Output remains a driving force for executive bonuses
Despite the crash in oil prices and corporate profits, oil executives are still being rewarded for exceeding annual production targets, instead of protecting company capital and reducing debt, according to a report by the credit rating agency Moody’s.
Moody’s studied executive compensation agreements at 15 of the largest U.S. and Canadian energy exploration and production companies. The firm found that about a quarter of executives’ possible bonuses relied on increasing production and reserves, despite a glut of oil and natural gas that is depressing prices, profits and energy company values.
Although crude oil production and stockpiles have declined recently, the world is still awash with petroleum.
The U.S. Energy Department reported last week that any declines in crude inventories have been more than offset by increases in refined products.
Total petroleum stocks hit a record of nearly 1.4 billion barrels, the Energy Department said.
Overall, Moody’s said, production was the single most-used factor in determining executive bonuses among the companies it studied.
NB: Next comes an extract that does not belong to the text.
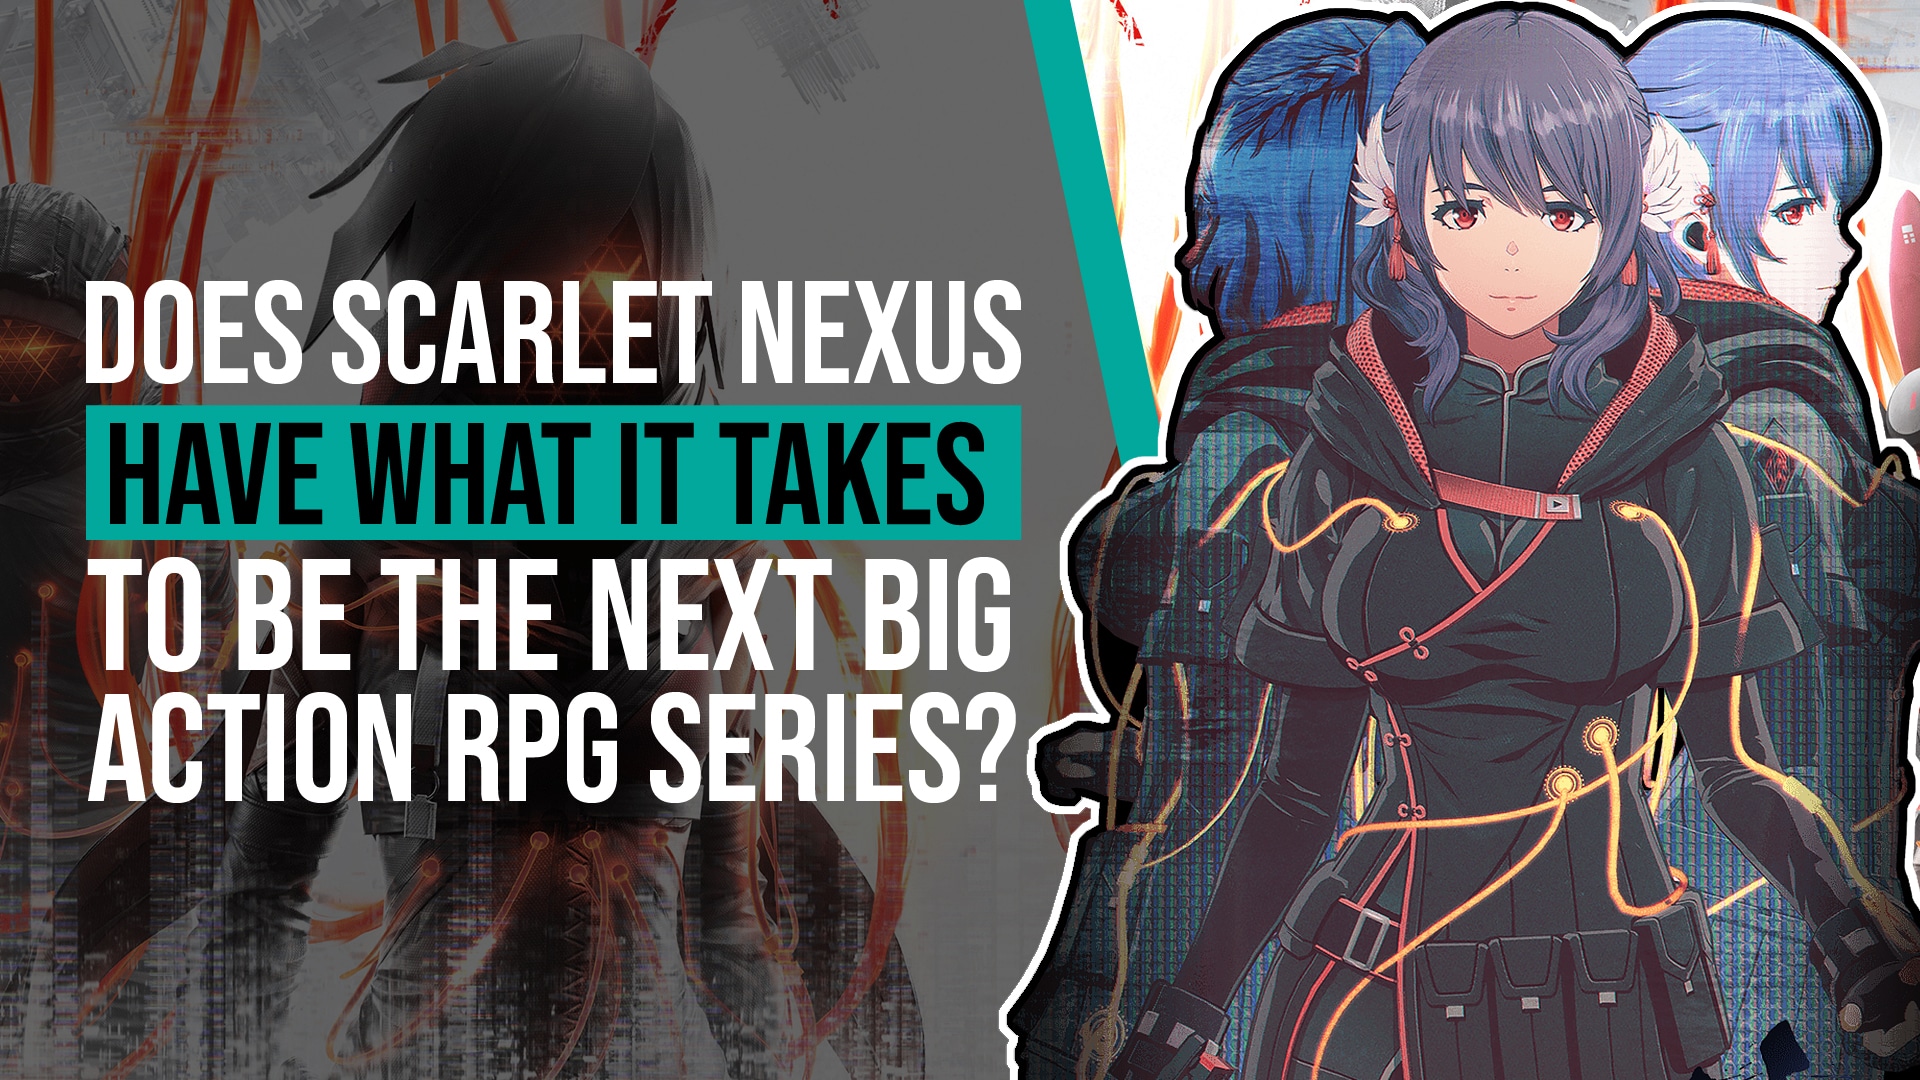 Scarlet Nexus is available now! It's a JRPG, mixed with Devil May

On the other hand, the smallest portion of the executive bonuses generally comprised metrics that would improve company credit, Moody’s said.
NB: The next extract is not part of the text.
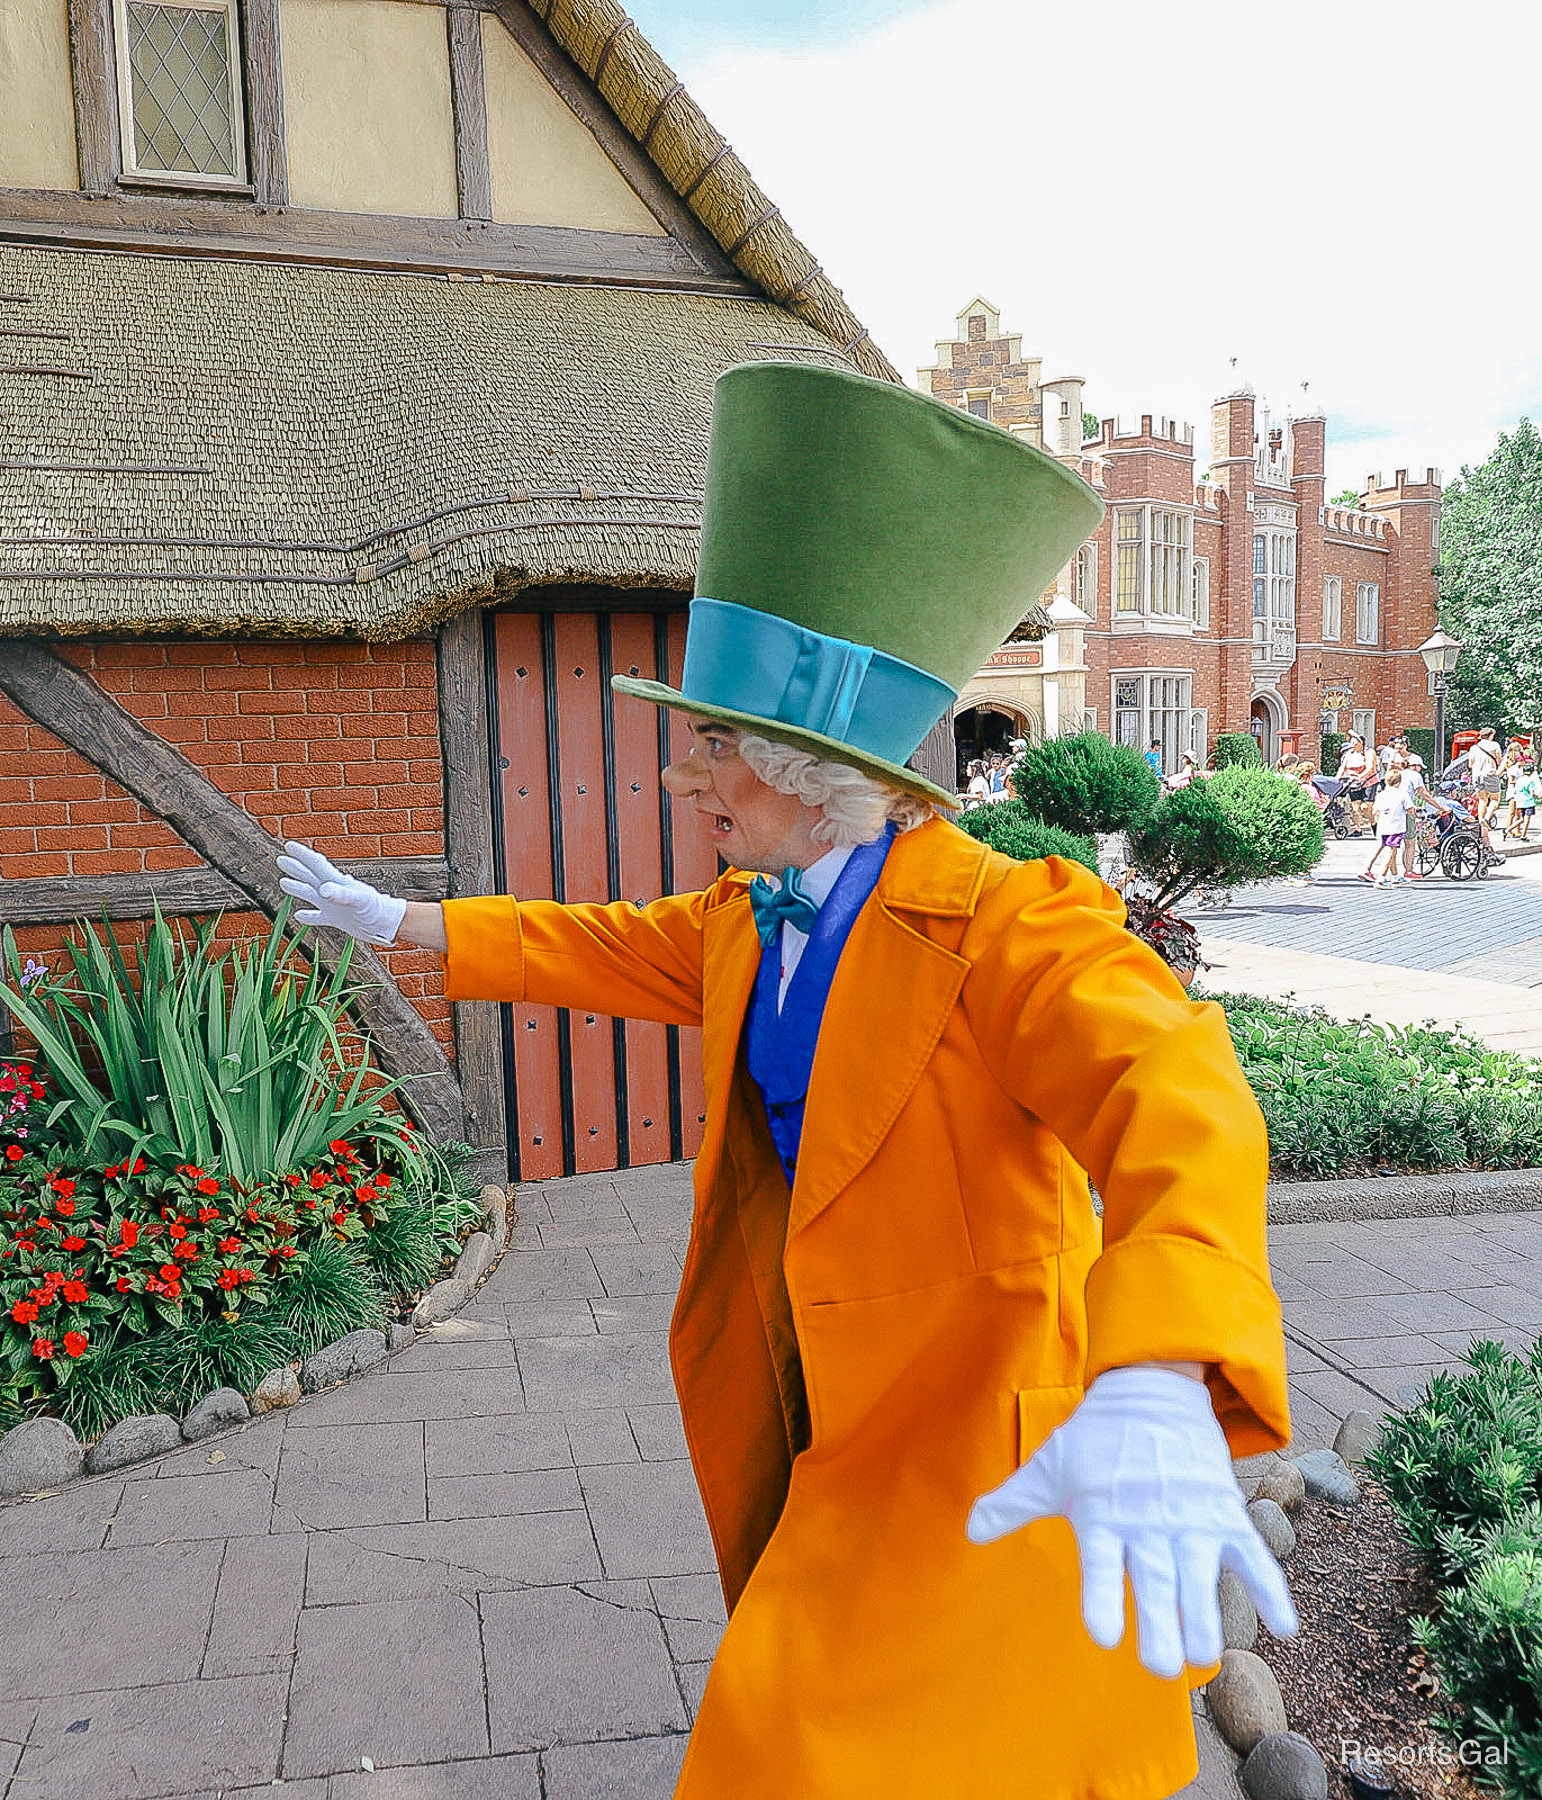 The Mad Hatter freezes when asked for a still shot.

“This system of compensation is negative for credit investors,” Moody’s said. “It also suggests that many E&P company boards and managements are finding it difficult to shed their high-growth strategies.”
Controlling expenses was the second most-used factor in determining compensation.
Seven companies increased the weight for that factor. On average, it represented about 20 percent of executives’ target awards in 2015, up from 14 percent in 2014.